Moğolların başına bela olmasına rağmen daha fazla tutunamayarak Hindistan’a çekilen Celaleddin Harezmşah, burada kaldığı süre içerisinde toparlanmış, bir süre sonra da İran’a intikal etmiştir. İran’da hâkimiyet kurma konusunda güçlük çekmediği anlaşılan Harezmşah, kısa sürede tüm Azerbaycan’ı ele geçirerek Anadolu sınırlarına dayanmıştı. Hedefinin Anadolu ve Suriye hâkimiyeti olduğu anlaşılan Celaleddin’in, Moğollar karşısında Alaeddin Keykubat’ın ittifak çağrılarına kulak asmayışı hem kendi sonunu hazırlamış hem de İslam dünyasını işgale açık hale getirmiştir.

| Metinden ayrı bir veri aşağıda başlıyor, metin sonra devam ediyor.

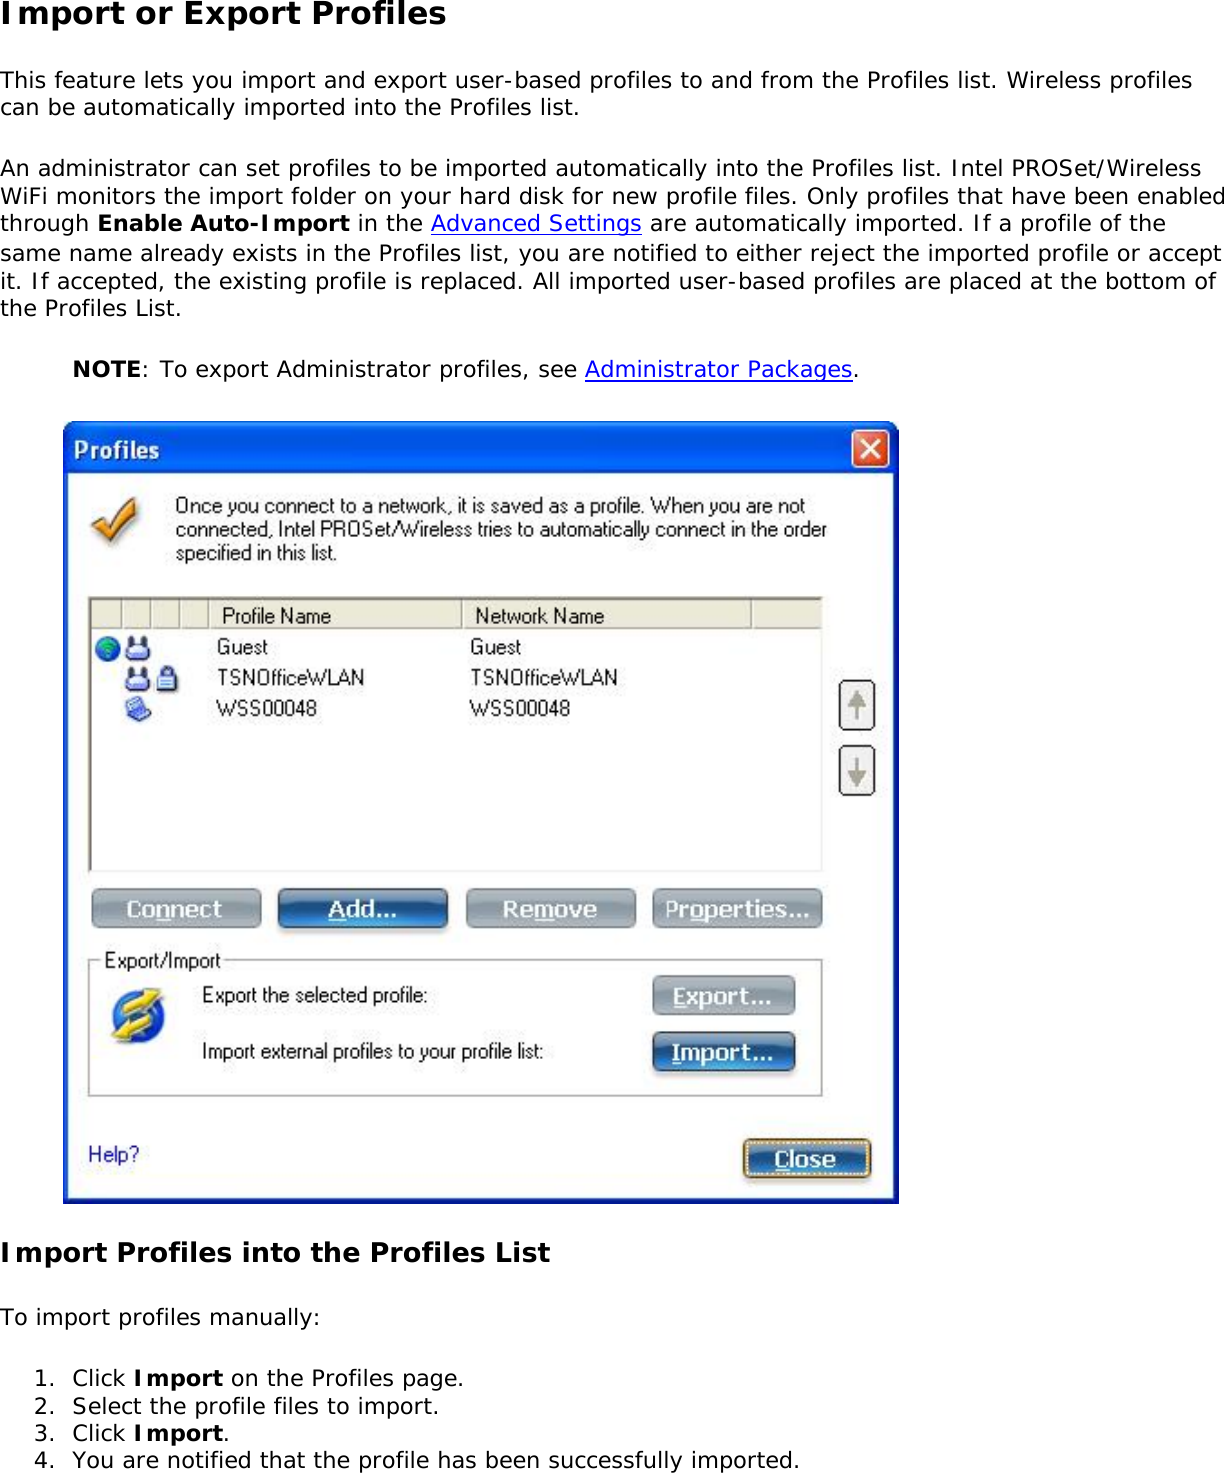 Import or Export ProfilesThis feature lets you import and export user-based profiles to and from the Profiles list. Wireless profiles can be automatically imported into the Profiles list. An administrator can set profiles to be imported automatically into the Profiles list. Intel PROSet/Wireless WiFi monitors the import folder on your hard disk for new profile files. Only profiles that have been enabled through Enable Auto-Import in the Advanced Settings are automatically imported. If a profile of the same name already exists in the Profiles list, you are notified to either reject the imported profile or accept it. If accepted, the existing profile is replaced. All imported user-based profiles are placed at the bottom of the Profiles List. NOTE: To export Administrator profiles, see Administrator Packages. Import Profiles into the Profiles ListTo import profiles manually: 1.  Click Import on the Profiles page.2.  Select the profile files to import.3.  Click Import.4.  You are notified that the profile has been successfully imported.

Bu şekilde yaptığı siyasi hataların bedelini hayatıyla ödeyen Celaleddin Harezmşah’ın ordusu başıboş bir şekilde Anadolu’ya dağılmştı. Türkiye Selçuklu Sultanı Alaeddin Keykubat, bilhassa Moğollar karşısında bu ordunun tecrübelerinden fayadalanmak istedi. O sebeple Harezmşah ordusunun bir kısmını himayesine aldı. Onlara ülkenin belli topraklarını ikta vererek değerlendirdi. Harezmşah ordusunun bir bölümü ise bölgedeki Eyyubi şubeleri tarafından istihdam edildi. Ancak Alaeddin Keykubat’ın ölümünden sonra oğlu Gıyaseddin’in yanlış siyaseti Harezmlileri devletten uzaklaştırmakta gecikmedi. Sonuçta yeniden başıboş kalan Harezmliler Anadolu ve çevresinde problem olmaya devam ettiler.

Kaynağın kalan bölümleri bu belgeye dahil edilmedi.